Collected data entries
★ ★ ★

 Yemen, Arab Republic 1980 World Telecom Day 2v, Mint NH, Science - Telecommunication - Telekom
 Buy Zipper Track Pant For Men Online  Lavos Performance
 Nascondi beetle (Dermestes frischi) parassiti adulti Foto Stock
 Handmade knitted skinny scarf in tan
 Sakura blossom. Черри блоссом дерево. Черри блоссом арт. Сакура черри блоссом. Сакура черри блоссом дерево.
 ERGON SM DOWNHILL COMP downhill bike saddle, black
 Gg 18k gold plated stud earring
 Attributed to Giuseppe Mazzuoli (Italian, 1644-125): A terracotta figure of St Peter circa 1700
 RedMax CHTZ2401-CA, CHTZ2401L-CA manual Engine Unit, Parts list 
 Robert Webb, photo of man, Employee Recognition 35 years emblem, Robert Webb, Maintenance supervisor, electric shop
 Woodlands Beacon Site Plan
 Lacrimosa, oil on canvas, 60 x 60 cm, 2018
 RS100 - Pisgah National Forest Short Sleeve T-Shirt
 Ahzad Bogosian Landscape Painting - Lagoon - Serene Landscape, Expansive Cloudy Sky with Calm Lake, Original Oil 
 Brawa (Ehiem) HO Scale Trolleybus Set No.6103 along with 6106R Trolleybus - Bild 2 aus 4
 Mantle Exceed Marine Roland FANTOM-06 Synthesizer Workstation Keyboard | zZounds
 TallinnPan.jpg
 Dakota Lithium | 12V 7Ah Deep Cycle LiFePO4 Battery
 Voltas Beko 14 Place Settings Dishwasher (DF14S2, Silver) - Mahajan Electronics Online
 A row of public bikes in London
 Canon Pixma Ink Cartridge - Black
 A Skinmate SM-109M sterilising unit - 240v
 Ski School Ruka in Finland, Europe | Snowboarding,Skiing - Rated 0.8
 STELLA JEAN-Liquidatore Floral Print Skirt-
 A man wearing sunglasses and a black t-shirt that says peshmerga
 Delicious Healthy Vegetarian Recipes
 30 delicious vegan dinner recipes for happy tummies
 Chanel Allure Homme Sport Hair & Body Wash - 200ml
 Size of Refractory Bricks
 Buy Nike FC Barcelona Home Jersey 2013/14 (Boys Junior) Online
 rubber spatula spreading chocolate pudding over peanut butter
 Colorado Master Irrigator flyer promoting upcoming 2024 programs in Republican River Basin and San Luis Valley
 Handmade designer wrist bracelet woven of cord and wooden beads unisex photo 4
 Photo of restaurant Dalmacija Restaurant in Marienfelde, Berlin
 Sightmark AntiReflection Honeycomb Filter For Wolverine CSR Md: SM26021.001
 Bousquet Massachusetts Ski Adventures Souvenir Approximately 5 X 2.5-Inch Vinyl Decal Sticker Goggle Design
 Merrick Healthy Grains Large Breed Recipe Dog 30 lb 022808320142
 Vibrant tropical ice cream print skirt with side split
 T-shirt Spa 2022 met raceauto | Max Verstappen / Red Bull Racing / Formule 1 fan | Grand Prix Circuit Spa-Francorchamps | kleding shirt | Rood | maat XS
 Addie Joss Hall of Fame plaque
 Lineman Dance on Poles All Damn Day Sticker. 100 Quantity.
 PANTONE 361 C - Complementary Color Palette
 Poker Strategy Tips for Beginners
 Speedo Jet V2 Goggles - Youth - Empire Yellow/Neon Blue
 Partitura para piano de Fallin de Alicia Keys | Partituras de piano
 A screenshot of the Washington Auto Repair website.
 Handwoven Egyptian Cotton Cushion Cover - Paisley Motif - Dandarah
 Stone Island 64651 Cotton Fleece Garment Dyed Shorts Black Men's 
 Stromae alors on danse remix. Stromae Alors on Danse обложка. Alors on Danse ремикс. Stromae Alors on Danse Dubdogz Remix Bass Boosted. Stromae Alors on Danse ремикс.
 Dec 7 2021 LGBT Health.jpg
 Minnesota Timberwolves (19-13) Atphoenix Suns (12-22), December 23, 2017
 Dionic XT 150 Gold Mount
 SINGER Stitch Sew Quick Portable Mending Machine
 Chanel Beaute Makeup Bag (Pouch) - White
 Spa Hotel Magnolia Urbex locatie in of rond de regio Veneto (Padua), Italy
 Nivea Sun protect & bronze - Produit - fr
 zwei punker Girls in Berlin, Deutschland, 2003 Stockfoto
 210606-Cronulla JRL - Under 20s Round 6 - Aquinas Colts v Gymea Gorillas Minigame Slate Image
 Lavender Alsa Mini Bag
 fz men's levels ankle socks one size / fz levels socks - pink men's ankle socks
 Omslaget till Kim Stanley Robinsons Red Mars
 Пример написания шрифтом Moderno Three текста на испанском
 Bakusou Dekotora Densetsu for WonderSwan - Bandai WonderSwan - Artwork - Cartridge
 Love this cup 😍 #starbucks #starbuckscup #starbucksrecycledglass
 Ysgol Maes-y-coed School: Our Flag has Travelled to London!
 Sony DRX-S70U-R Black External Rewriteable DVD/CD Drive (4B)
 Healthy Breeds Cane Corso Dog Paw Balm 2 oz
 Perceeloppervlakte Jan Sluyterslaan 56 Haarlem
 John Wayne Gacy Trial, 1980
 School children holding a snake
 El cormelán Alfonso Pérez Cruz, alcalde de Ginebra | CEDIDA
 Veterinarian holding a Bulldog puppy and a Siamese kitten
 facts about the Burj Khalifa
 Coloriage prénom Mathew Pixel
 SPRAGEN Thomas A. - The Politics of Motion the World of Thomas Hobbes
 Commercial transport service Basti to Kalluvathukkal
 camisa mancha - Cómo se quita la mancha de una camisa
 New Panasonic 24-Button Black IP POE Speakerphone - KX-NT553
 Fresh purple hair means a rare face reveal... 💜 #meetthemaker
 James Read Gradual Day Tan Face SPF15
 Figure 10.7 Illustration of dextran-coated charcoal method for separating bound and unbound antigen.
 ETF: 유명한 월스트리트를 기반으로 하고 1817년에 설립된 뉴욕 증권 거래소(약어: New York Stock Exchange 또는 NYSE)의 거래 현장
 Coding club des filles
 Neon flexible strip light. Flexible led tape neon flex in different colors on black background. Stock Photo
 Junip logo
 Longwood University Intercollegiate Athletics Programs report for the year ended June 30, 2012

★ ★ ★

What you will do: What is needed is an exact copy of all the data above.

Answer section:
 Yemen, Arab Republic 1980 World Telecom Day 2v, Mint NH, Science - Telecommunication - Telekom
 Buy Zipper Track Pant For Men Online  Lavos Performance
 Nascondi beetle (Dermestes frischi) parassiti adulti Foto Stock
 Handmade knitted skinny scarf in tan
 Sakura blossom. Черри блоссом дерево. Черри блоссом арт. Сакура черри блоссом. Сакура черри блоссом дерево.
 ERGON SM DOWNHILL COMP downhill bike saddle, black
 Gg 18k gold plated stud earring
 Attributed to Giuseppe Mazzuoli (Italian, 1644-125): A terracotta figure of St Peter circa 1700
 RedMax CHTZ2401-CA, CHTZ2401L-CA manual Engine Unit, Parts list 
 Robert Webb, photo of man, Employee Recognition 35 years emblem, Robert Webb, Maintenance supervisor, electric shop
 Woodlands Beacon Site Plan
 Lacrimosa, oil on canvas, 60 x 60 cm, 2018
 RS100 - Pisgah National Forest Short Sleeve T-Shirt
 Ahzad Bogosian Landscape Painting - Lagoon - Serene Landscape, Expansive Cloudy Sky with Calm Lake, Original Oil 
 Brawa (Ehiem) HO Scale Trolleybus Set No.6103 along with 6106R Trolleybus - Bild 2 aus 4
 Mantle Exceed Marine Roland FANTOM-06 Synthesizer Workstation Keyboard | zZounds
 TallinnPan.jpg
 Dakota Lithium | 12V 7Ah Deep Cycle LiFePO4 Battery
 Voltas Beko 14 Place Settings Dishwasher (DF14S2, Silver) - Mahajan Electronics Online
 A row of public bikes in London
 Canon Pixma Ink Cartridge - Black
 A Skinmate SM-109M sterilising unit - 240v
 Ski School Ruka in Finland, Europe | Snowboarding,Skiing - Rated 0.8
 STELLA JEAN-Liquidatore Floral Print Skirt-
 A man wearing sunglasses and a black t-shirt that says peshmerga
 Delicious Healthy Vegetarian Recipes
 30 delicious vegan dinner recipes for happy tummies
 Chanel Allure Homme Sport Hair & Body Wash - 200ml
 Size of Refractory Bricks
 Buy Nike FC Barcelona Home Jersey 2013/14 (Boys Junior) Online
 rubber spatula spreading chocolate pudding over peanut butter
 Colorado Master Irrigator flyer promoting upcoming 2024 programs in Republican River Basin and San Luis Valley
 Handmade designer wrist bracelet woven of cord and wooden beads unisex photo 4
 Photo of restaurant Dalmacija Restaurant in Marienfelde, Berlin
 Sightmark AntiReflection Honeycomb Filter For Wolverine CSR Md: SM26021.001
 Bousquet Massachusetts Ski Adventures Souvenir Approximately 5 X 2.5-Inch Vinyl Decal Sticker Goggle Design
 Merrick Healthy Grains Large Breed Recipe Dog 30 lb 022808320142
 Vibrant tropical ice cream print skirt with side split
 T-shirt Spa 2022 met raceauto | Max Verstappen / Red Bull Racing / Formule 1 fan | Grand Prix Circuit Spa-Francorchamps | kleding shirt | Rood | maat XS
 Addie Joss Hall of Fame plaque
 Lineman Dance on Poles All Damn Day Sticker. 100 Quantity.
 PANTONE 361 C - Complementary Color Palette
 Poker Strategy Tips for Beginners
 Speedo Jet V2 Goggles - Youth - Empire Yellow/Neon Blue
 Partitura para piano de Fallin de Alicia Keys | Partituras de piano
 A screenshot of the Washington Auto Repair website.
 Handwoven Egyptian Cotton Cushion Cover - Paisley Motif - Dandarah
 Stone Island 64651 Cotton Fleece Garment Dyed Shorts Black Men's 
 Stromae alors on danse remix. Stromae Alors on Danse обложка. Alors on Danse ремикс. Stromae Alors on Danse Dubdogz Remix Bass Boosted. Stromae Alors on Danse ремикс.
 Dec 7 2021 LGBT Health.jpg
 Minnesota Timberwolves (19-13) Atphoenix Suns (12-22), December 23, 2017
 Dionic XT 150 Gold Mount
 SINGER Stitch Sew Quick Portable Mending Machine
 Chanel Beaute Makeup Bag (Pouch) - White
 Spa Hotel Magnolia Urbex locatie in of rond de regio Veneto (Padua), Italy
 Nivea Sun protect & bronze - Produit - fr
 zwei punker Girls in Berlin, Deutschland, 2003 Stockfoto
 210606-Cronulla JRL - Under 20s Round 6 - Aquinas Colts v Gymea Gorillas Minigame Slate Image
 Lavender Alsa Mini Bag
 fz men's levels ankle socks one size / fz levels socks - pink men's ankle socks
 Omslaget till Kim Stanley Robinsons Red Mars
 Пример написания шрифтом Moderno Three текста на испанском
 Bakusou Dekotora Densetsu for WonderSwan - Bandai WonderSwan - Artwork - Cartridge
 Love this cup 😍 #starbucks #starbuckscup #starbucksrecycledglass
 Ysgol Maes-y-coed School: Our Flag has Travelled to London!
 Sony DRX-S70U-R Black External Rewriteable DVD/CD Drive (4B)
 Healthy Breeds Cane Corso Dog Paw Balm 2 oz
 Perceeloppervlakte Jan Sluyterslaan 56 Haarlem
 John Wayne Gacy Trial, 1980
 School children holding a snake
 El cormelán Alfonso Pérez Cruz, alcalde de Ginebra | CEDIDA
 Veterinarian holding a Bulldog puppy and a Siamese kitten
 facts about the Burj Khalifa
 Coloriage prénom Mathew Pixel
 SPRAGEN Thomas A. - The Politics of Motion the World of Thomas Hobbes
 Commercial transport service Basti to Kalluvathukkal
 camisa mancha - Cómo se quita la mancha de una camisa
 New Panasonic 24-Button Black IP POE Speakerphone - KX-NT553
 Fresh purple hair means a rare face reveal... 💜 #meetthemaker
 James Read Gradual Day Tan Face SPF15
 Figure 10.7 Illustration of dextran-coated charcoal method for separating bound and unbound antigen.
 ETF: 유명한 월스트리트를 기반으로 하고 1817년에 설립된 뉴욕 증권 거래소(약어: New York Stock Exchange 또는 NYSE)의 거래 현장
 Coding club des filles
 Neon flexible strip light. Flexible led tape neon flex in different colors on black background. Stock Photo
 Junip logo
 Longwood University Intercollegiate Athletics Programs report for the year ended June 30, 2012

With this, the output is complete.